Instructions to follow:
Repeat the listing that follows character for character, omitting images.

Data block:
■ ■ ■ ■ ■ ■ ■

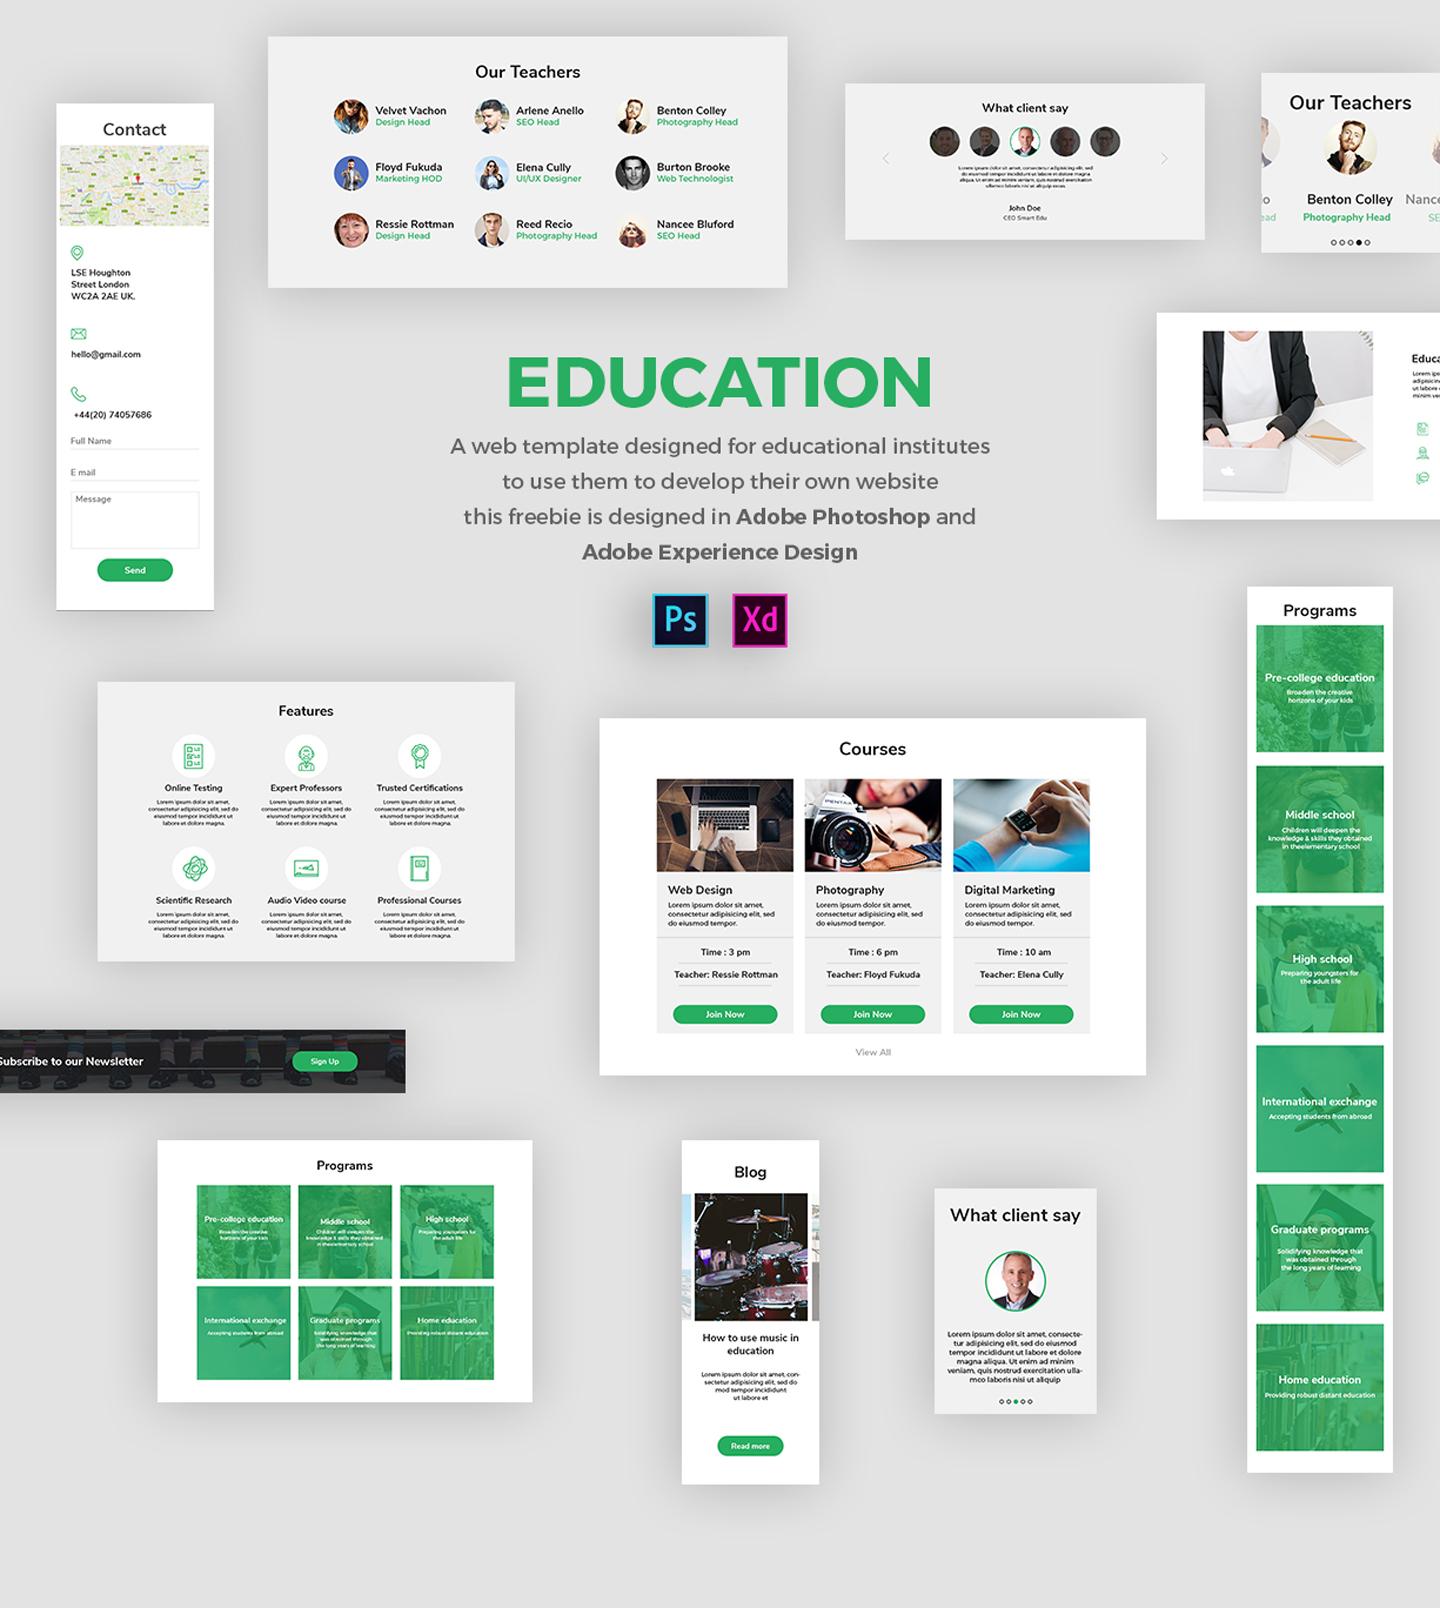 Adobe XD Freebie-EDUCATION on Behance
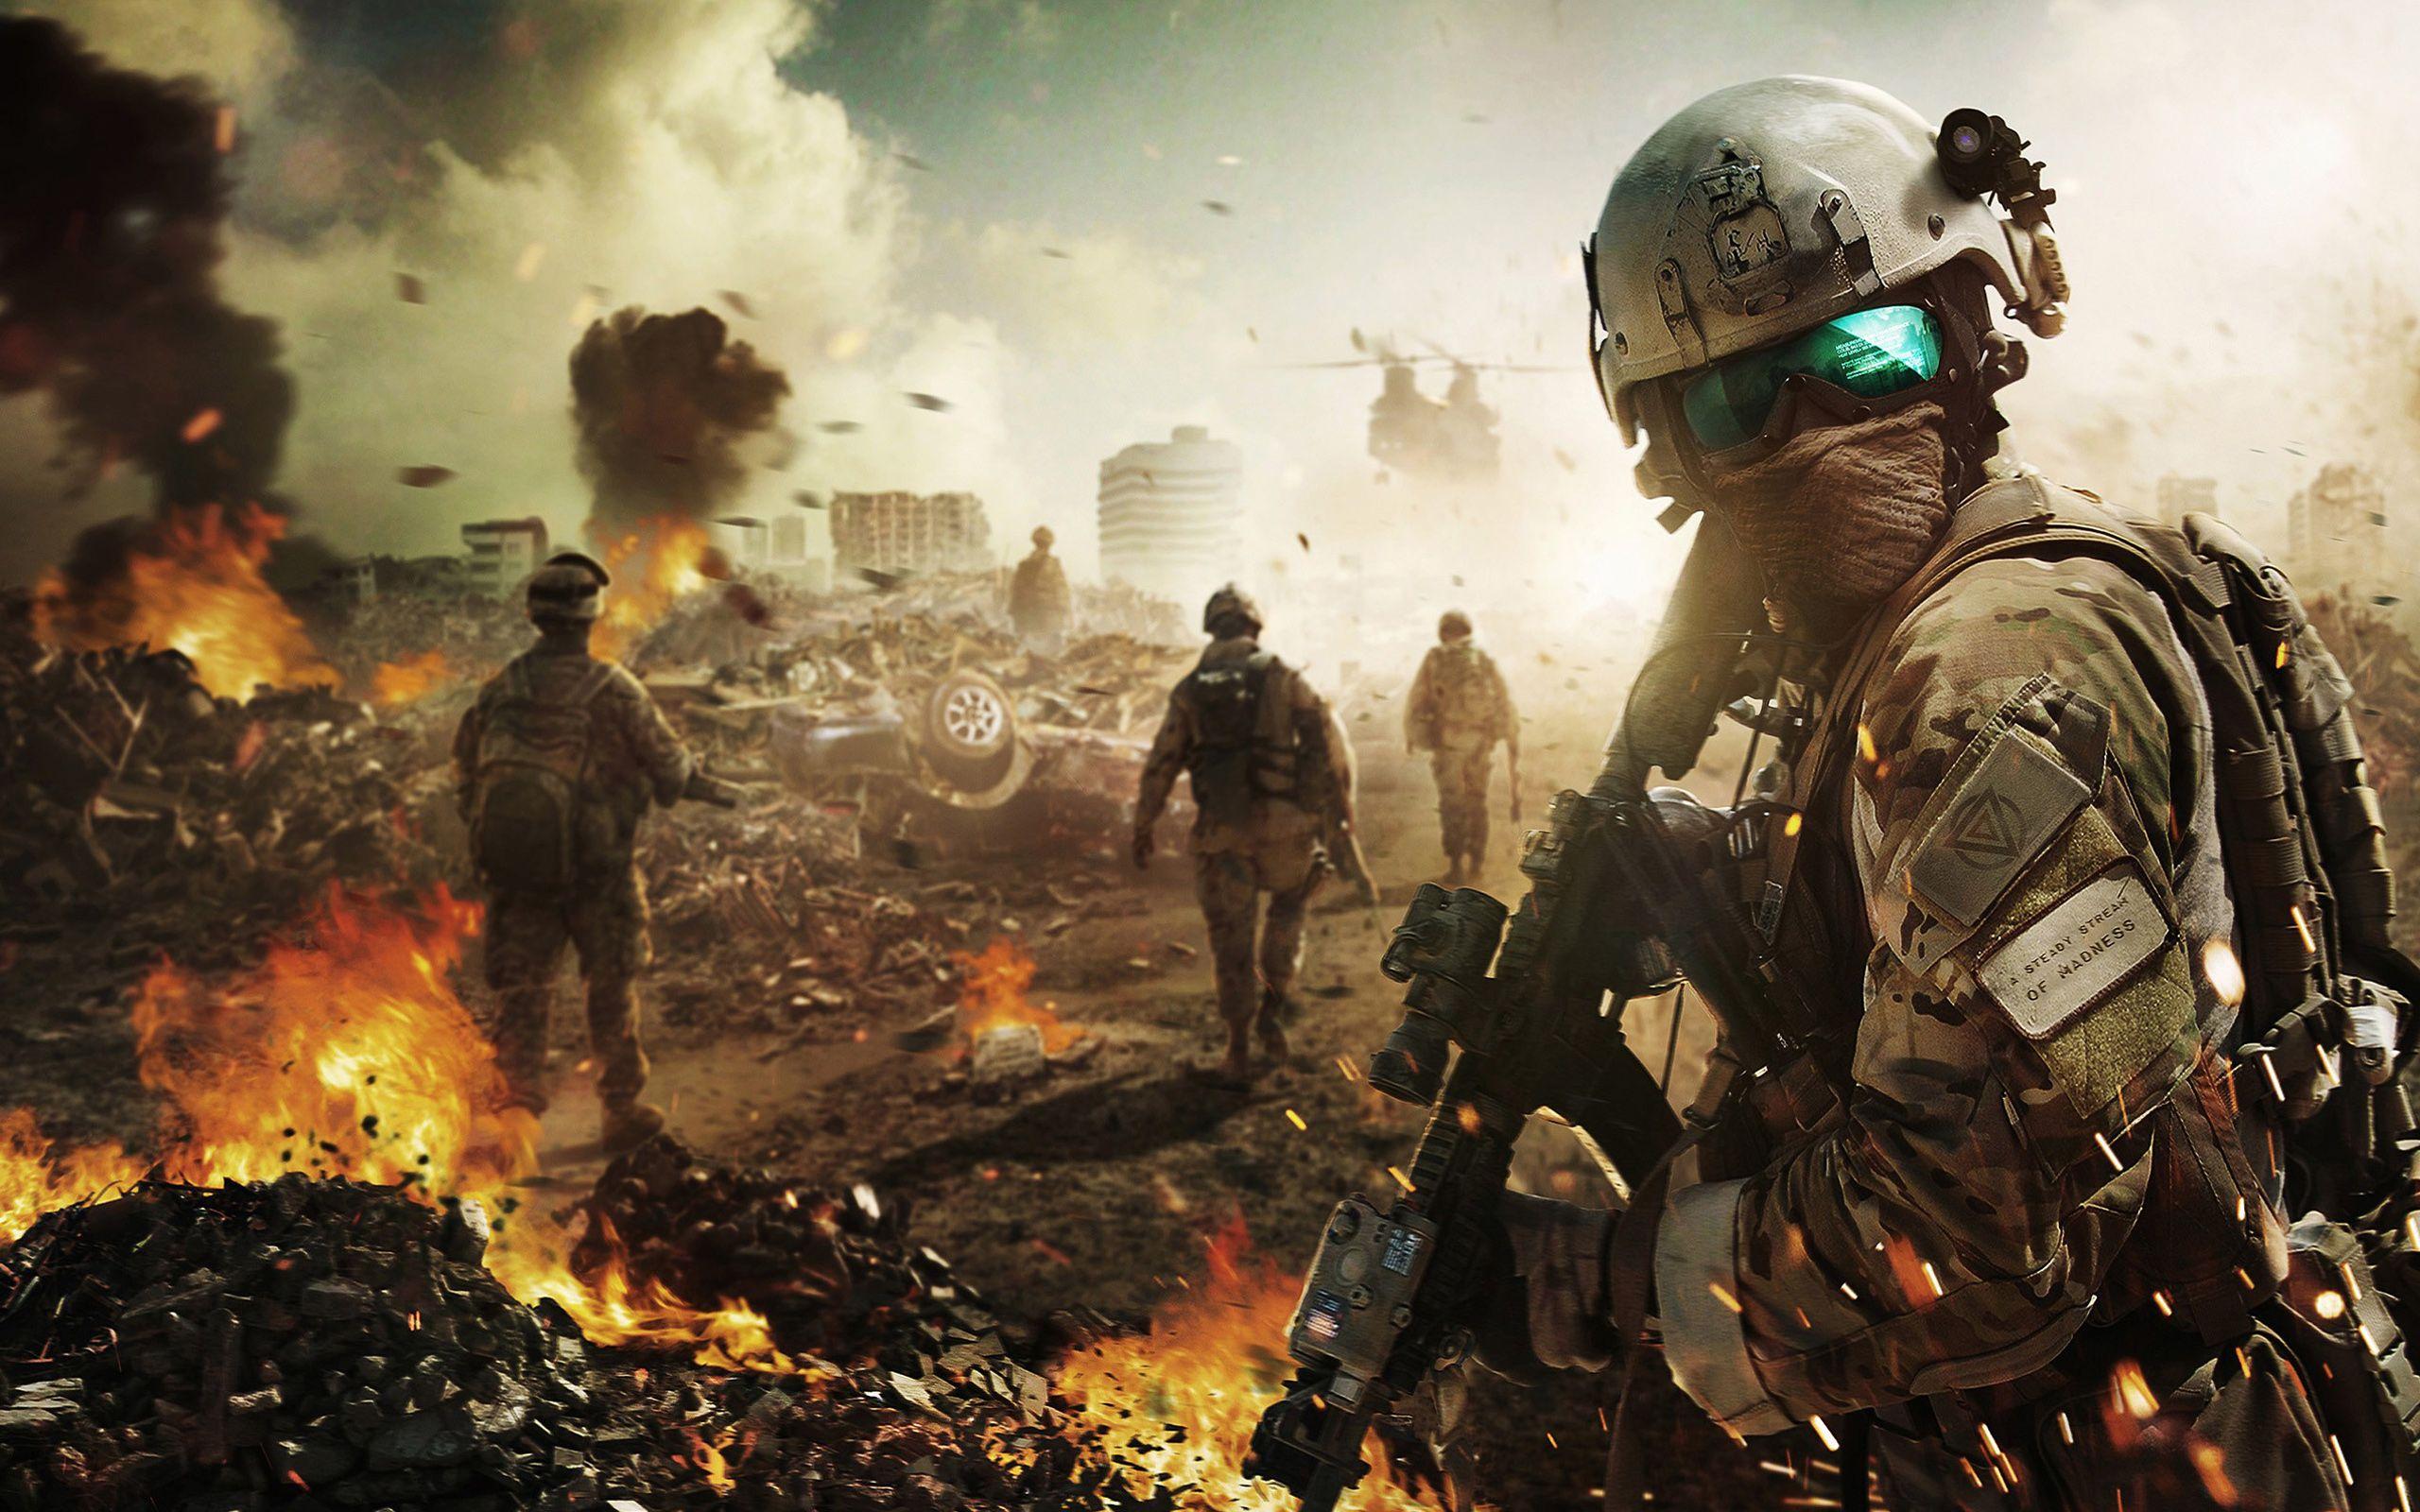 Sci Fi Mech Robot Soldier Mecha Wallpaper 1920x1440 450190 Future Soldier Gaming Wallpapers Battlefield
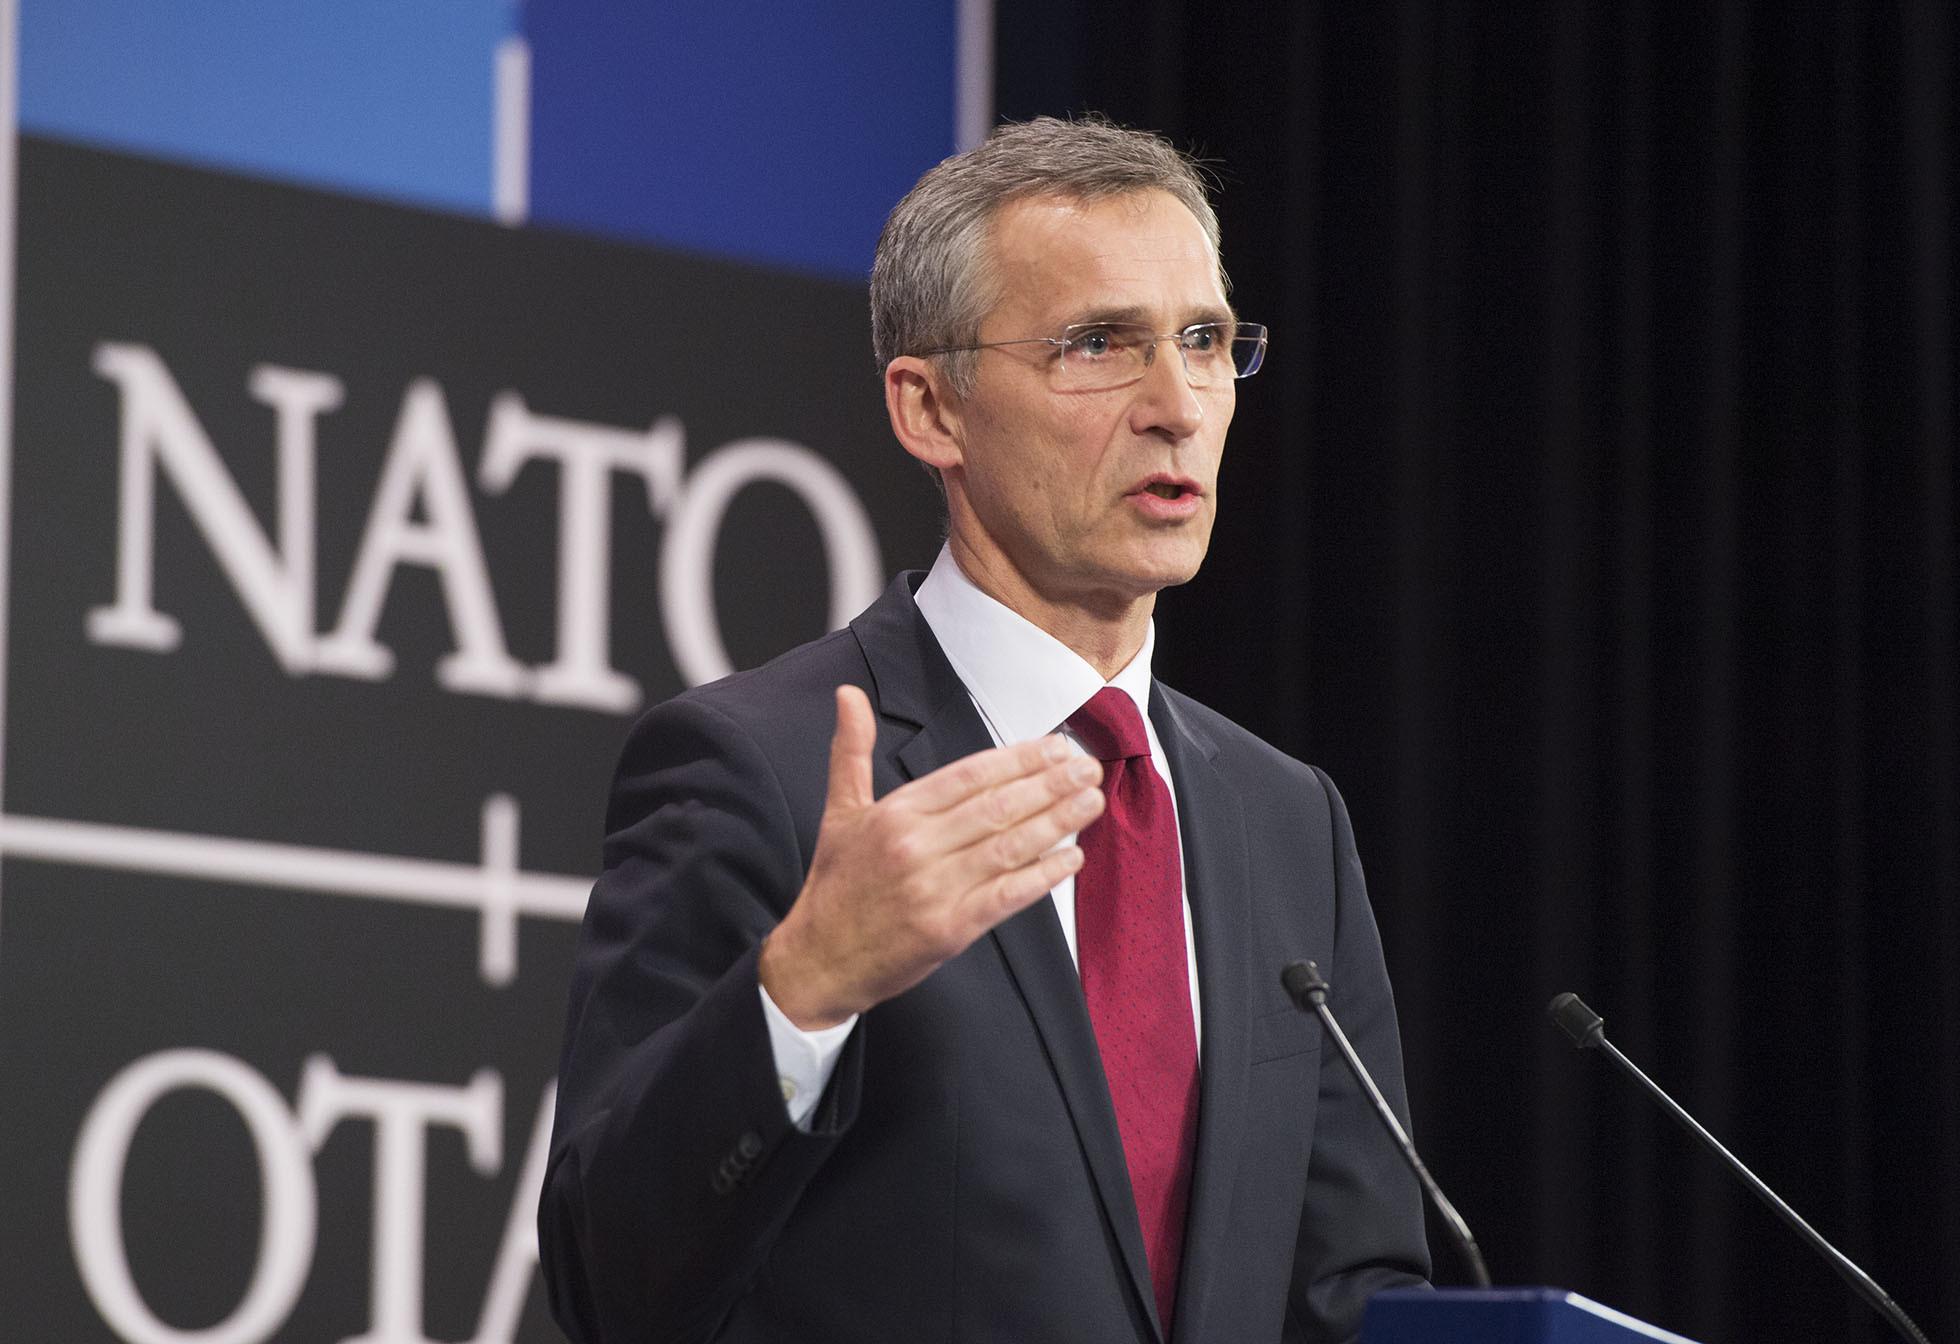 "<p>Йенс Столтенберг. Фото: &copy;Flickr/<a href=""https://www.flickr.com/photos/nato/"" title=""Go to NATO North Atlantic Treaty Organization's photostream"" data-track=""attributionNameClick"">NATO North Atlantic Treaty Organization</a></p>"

■ ■ ■ ■ ■ ■ ■

Task result:
 Adobe XD Freebie-EDUCATION on Behance
 Sci Fi Mech Robot Soldier Mecha Wallpaper 1920x1440 450190 Future Soldier Gaming Wallpapers Battlefield
 "<p>Йенс Столтенберг. Фото: &copy;Flickr/<a href=""https://www.flickr.com/photos/nato/"" title=""Go to NATO North Atlantic Treaty Organization's photostream"" data-track=""attributionNameClick"">NATO North Atlantic Treaty Organization</a></p>"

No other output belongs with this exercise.